Democrats had long sought to capture the 3rd, which voted consistently for U.S. Rep. Jaime Herrera Beutler, a Republican from Battle Ground, Clark County. In the August primary, conservative voters tossed Herrera Beutler – who is also the first Hispanic member ever to represent Washington state at the federal level – after she had voted to impeach Trump for his involvement in the storming of the U.S. Capitol.
The odds favored Kent, a telegenic former green beret and intelligence worker running in a district the former president won in 2020 by four percentage points. And he pushed a message popular with a certain element of the Republican base: impeach President Joe Biden; launch investigations into the 2020 election; close America’s Southern border, with the military if need be; and sharply restrict both legal and unlawful immigration.
But voters in the district that sweeps across Southwest Washington tuned in to the race and the debates in what was a relatively low-dollar election not considered competitive enough to draw big money. And Clark County voters – the district’s population center, which includes Vancouver, Washington’s fourth-largest city – showed up.
Clark County turnout this year declined only five percentage points from the 2018 midterms, the first of Democratic challenger Carolyn Long’s two attempts to unseat Herrera Beutler. Long only slightly beat Herrera Beutler in 2018 in Clark County, and lost there to the incumbent in 2020. This year, Gluesenkamp Perez – helped by some number of Herrera Beutler Republicans – won Clark County 55% to 44%.
Gluesenkamp Perez – an auto shop owner and the daughter of a Mexican immigrant – also did slightly better in Lewis and Cowlitz counties compared to Long in 2018. Those counties lean conservative and also saw smaller drop-offs in turnout compared to the previous midterms.
Meanwhile, 72% of the voters in Pacific County – another part of the congressional district – showed up this year, and flipped the county for Gluesenkamp Perez. That was a drop of just 3% in turnout compared to the last midterm for the rural county– which has 16,875 registered voters – that is home to Long Beach and South Bend.
Progressive organizers have spent years trying to turn Washington’s 3rd District blue – and also to pick up state Legislature seats in the region.
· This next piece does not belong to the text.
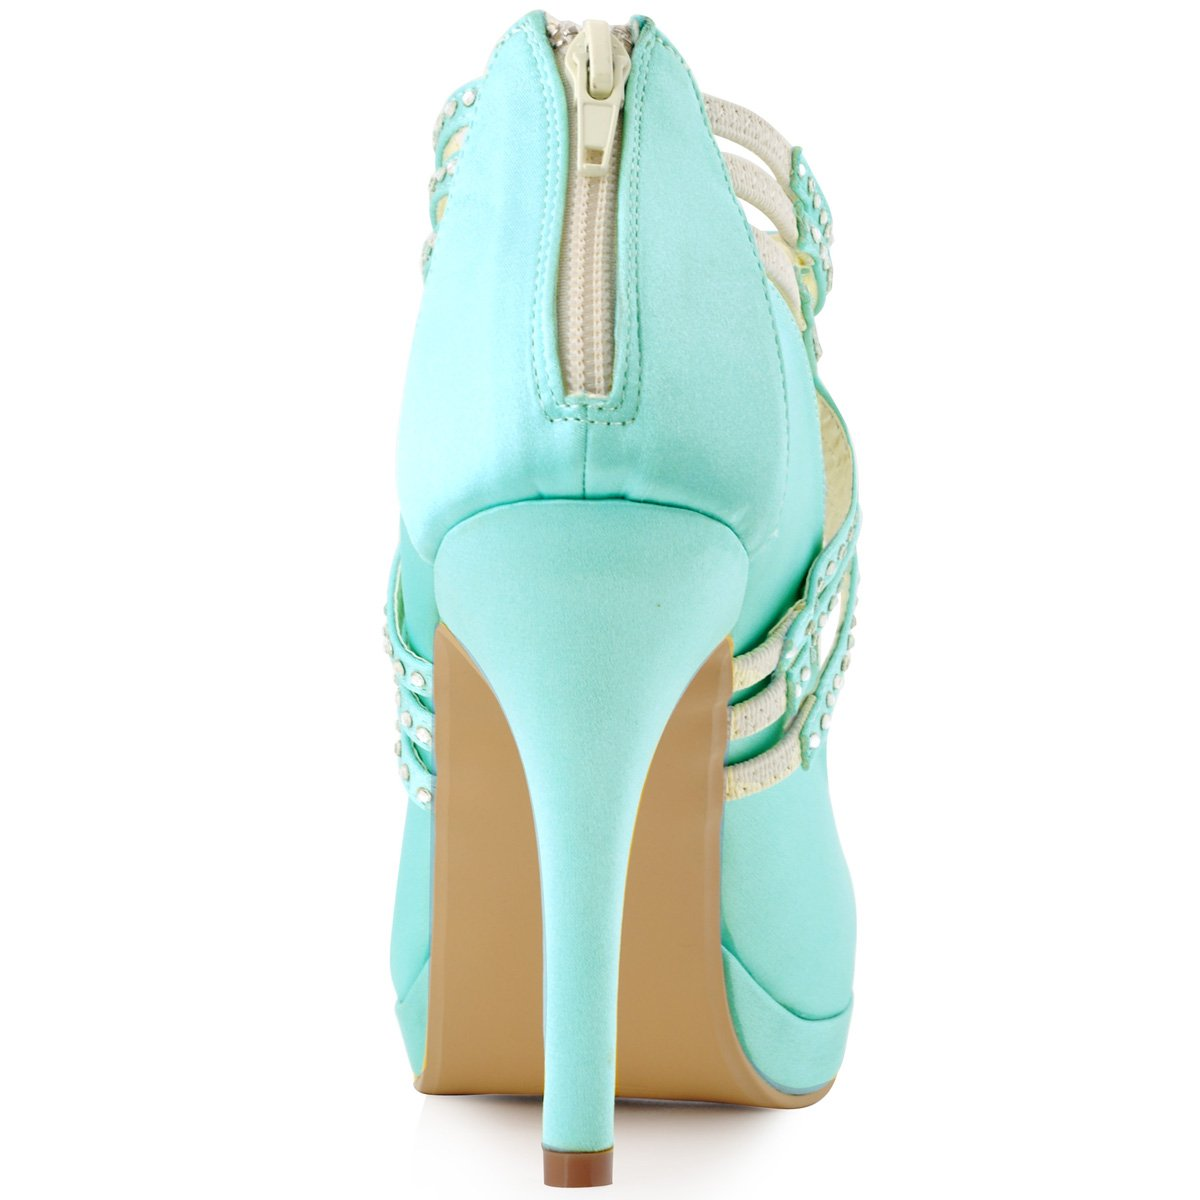 ElegantPark Women High Heel Pumps Closed Toe Platform Strappy Satin Evening Prom Dress Wedding Shoes B011B2ASTS 5 B(M) US Mint

Those efforts didn’t find success in previous years – but that changed in 2022.
During the campaign, the advocacy group OneAmerica Votes contacted 20,000 voters in the district, according to a statement from the group’s political director, Melissa Rubio. Part of that effort was talking to newly naturalized citizens, according to the statement, which said that more than 86,000 residents statewide were naturalized between 2016 and 2020.
“I’ve been knocking on doors supporting Marie Perez, and I talked to many voters who’ve recently become citizens and voted for the first time,” said Elizabeth Ruiz in the statement. “It’s a huge accomplishment, one thanks to years of hard work by organizers and OneAmerica Votes.
“We have the power to shape the outcome across the country,” added Ruiz, “in Washington, and right here at home.”
Gluesenkamp Perez has maintained a lead of just under 3,000 votes, which has sent the Kent campaign scrambling to “cure” ballots that might have been rejected for lacking a signature or containing a signature that doesn’t appear to match the one on file.
Tight elections in Washington state sometimes go down to such curing, where campaigns seek out the voters in question while they still have a chance to correct their ballots.
But Kent may be paying a price for the voters on the right who cast their ballots at the last minute. That’s because local elections officials work throughout the voting period to try to resolve those issues before Election Day even arrives. The deadline on the other end doesn’t change: Election results will be certified Nov. 29.
“The longer you wait” to vote, said Heimlich, “the shorter that window is.”